Tuesday, April 23, 2013

Where for art thou?


As you can see from the image above, a lack of writing does not denote a lack of supping. That lovely little trundled up and stuffed rainbow trout was positively smashing. I served it with some lemony arugula and some lightly pickled cucumbers and chilies last night.

Indeed, where have I been? My online writing has often, or perhaps, entirely, been a meditation of the 'self'; an outlet in which I can write about the things I love. Writing, some might suggest, is a cathartic exercise. What other reason is there to write?

Unfortunately, my day-to-day work has resulted in reams of writing about things that don't interest me (and likely won't interest you), but instead, this writing allows me to pay my mortgage. In fact at this moment, writing this post is preventing me from finishing this 'other' work.  Likely the only audiences of the majority of these 'other' things I write are a small group of people looking for answers in the business and media world (and I appreciate them hiring me). Published? Not likely. Unless you count annual reports for Crown Corporations which may be registered in the National Library but are certainly nothing to get excited about. Okay, I must be at least a little proud of that or I wouldn't be crowing about here in an artlessly passive way.  

However, given the possibility that someone, somewhere in the great digital ether might read these small dispatches about my cooking...now this, this provides me with at least enough wherewithal to write with a sense of artistic discipline (however small). This is the kind of writing where one can set a scene, determine a subject and whimsically create a conflict. Well, perhaps it's not that involved, but it must be said that a research report about television viewing habits is not likely to include the word azure.

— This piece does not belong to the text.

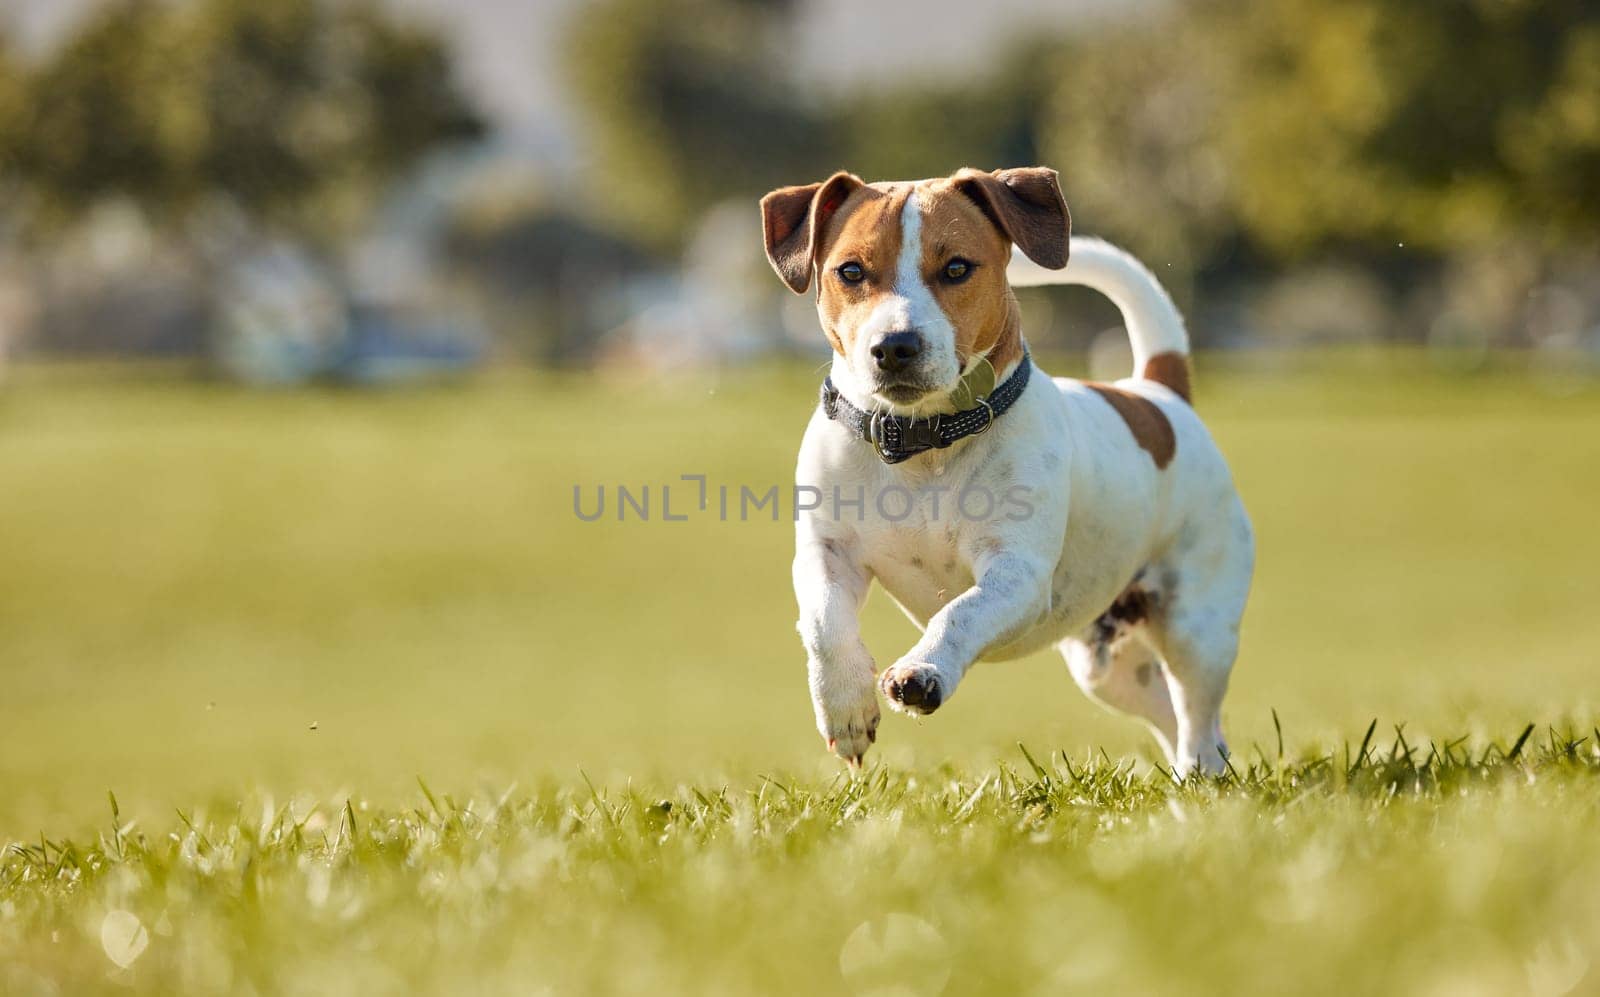 Dog, running and outdoor exercise on field for animal training in summer for healthy development, mobility or wellness. Backyard, workout and nature grass as Jack russell terrier, playing or fitness.

I love the world azure.

So as I was saying, the writing aspect of food has been a wonderfully therapeutic, albeit self-involved project that has helped keep my head clear and prevent me from doing something rash, say like attempting to butcher an entire lamb down to its primal cuts on my dining room table.

Yet, the last several weeks have seen sea changes in my potential future. Sea changes that make me realize, there is one thing that I like to do more than write, and that is to cook (and I enjoy the irony that the term 'sea change' is derived from Shakespeare's The Tempest---certainly a gentleman who knew how to write).

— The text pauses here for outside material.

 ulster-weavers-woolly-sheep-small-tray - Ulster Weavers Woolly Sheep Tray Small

I am the precise polar opposite of another writer, Gabrielle Hamilton, author of the most excellent memoir, Blood, Bones and Butter (and 'no', I don't dare compare myself to her on the level of writing skill - she is veritable Wordsworth in chef's whites, I am a data analyst faking it in on a blog).
 
In her case, she cooks in her highly acclaimed New York boite, Prune. However, what she wants to be known for is her writing. She finds it peculiar that the pop culture tide has come ashore in the restaurant industry. Why are chefs becoming celebrities? She wonders. She has suggested that she sees herself as an author first and as a chef second. At this very moment, I see myself as a cook first and a writer...well, somewhere far down the list. Sure I can string some words together, but Gabrielle Hamilton writes prose that bloody well sings to me. Her narratives are tight as drum, she uses such economy with her words that nothing feels superfluous, and yet her phrasing transports me. I am moved by her description and detail. She has a talent that I so greatly admire.

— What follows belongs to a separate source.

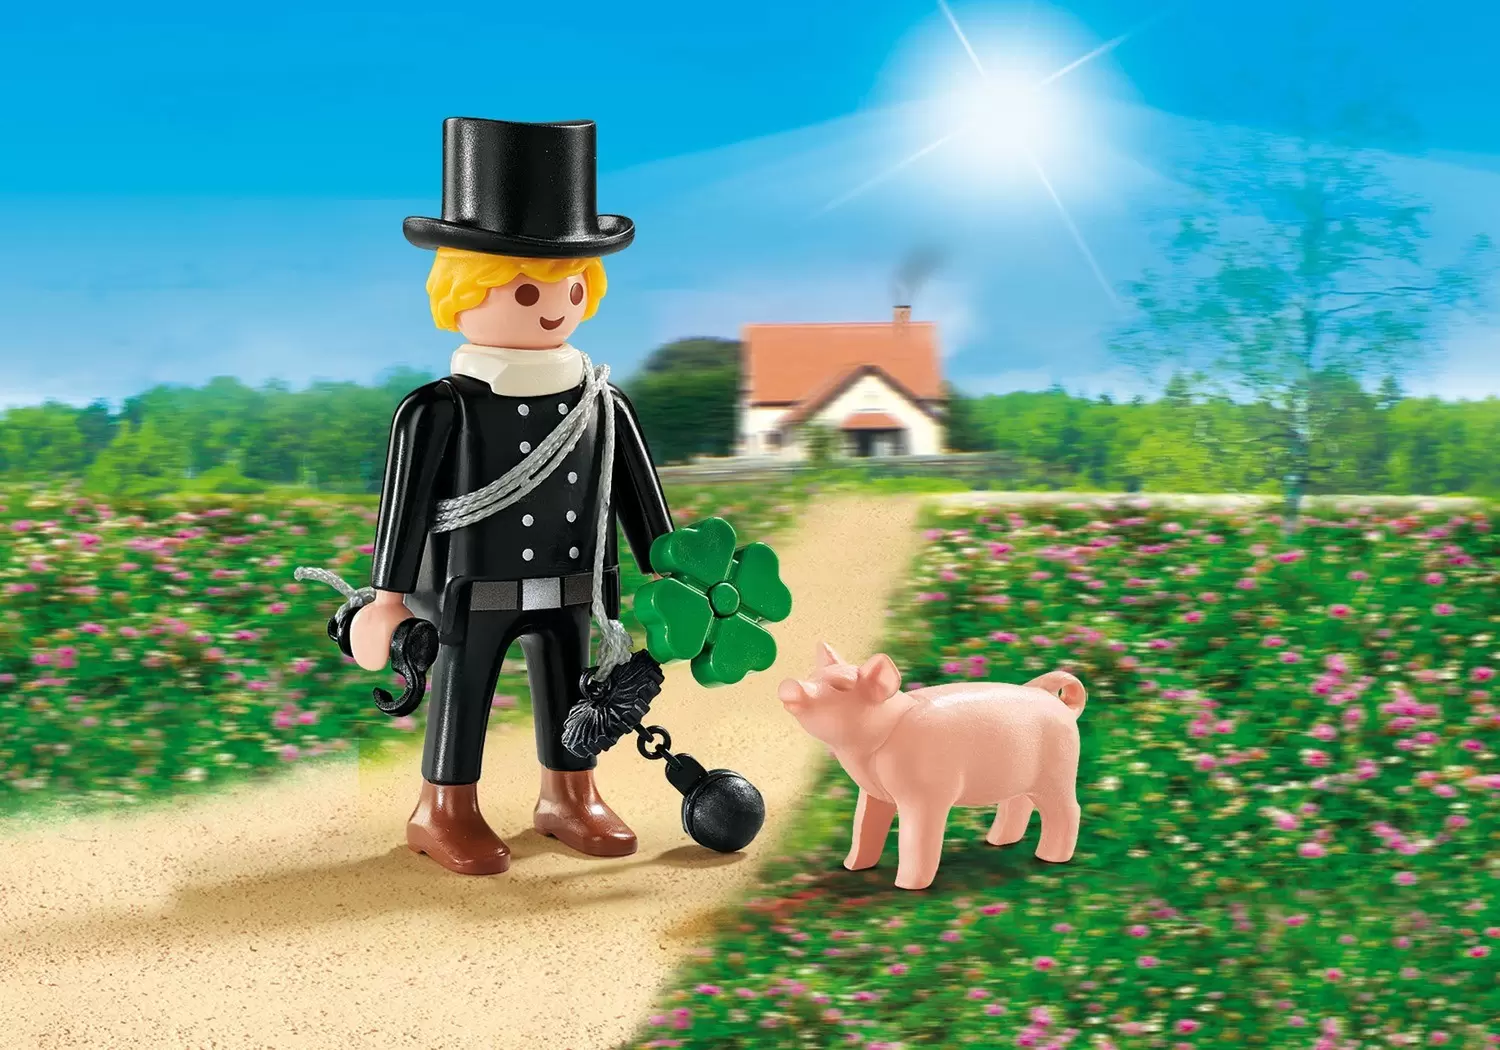 Playmobil Victorian - Chimney sweep with lucky pig

And admittedly, to me, chefs are indeed rock stars. Hugh Fearnley-Whittingstall, Heston Blumenthal, April Bloomfield, Thomas Keller, David Chang, Fergus Henderson - these are people that really do inspire me. I can't quite put my finger on it, but I am genuinely interested in what they have to say. 

In any event, as I have said, whilst taking moments between the busy work I have been doing, my mind wanders to a lot of 'what ifs'. I am sitting in a strange twilight...on a cusp between planning for something fantastical, something I can call my own and on the other side, I have to remind myself that perhaps it is still far out, beyond the breakers and barely materialized in my minds eye. An opportunity is taking shape and I am afraid if I remove my gaze for a second it will dissolve to nothing. I catch glimpses of it. So real and close, that I momentarily have to remember to breathe, while other times, I look back at the data sheets spread out on my desk and another half-written report about a focus group and wonder if this predictable little career is the way to go; convenient hours, regular vacations and Saturday's off. I would hate to spend a lifetime regretting.

Those are pearls that were his eyes:
Nothing of him that doth fade
But doth suffer a sea-change
Into something rich and strange.  

But regret can go either way can't it? To try and fail, or not to try...and always wonder. Only time can tell what's next for the Beech Tree.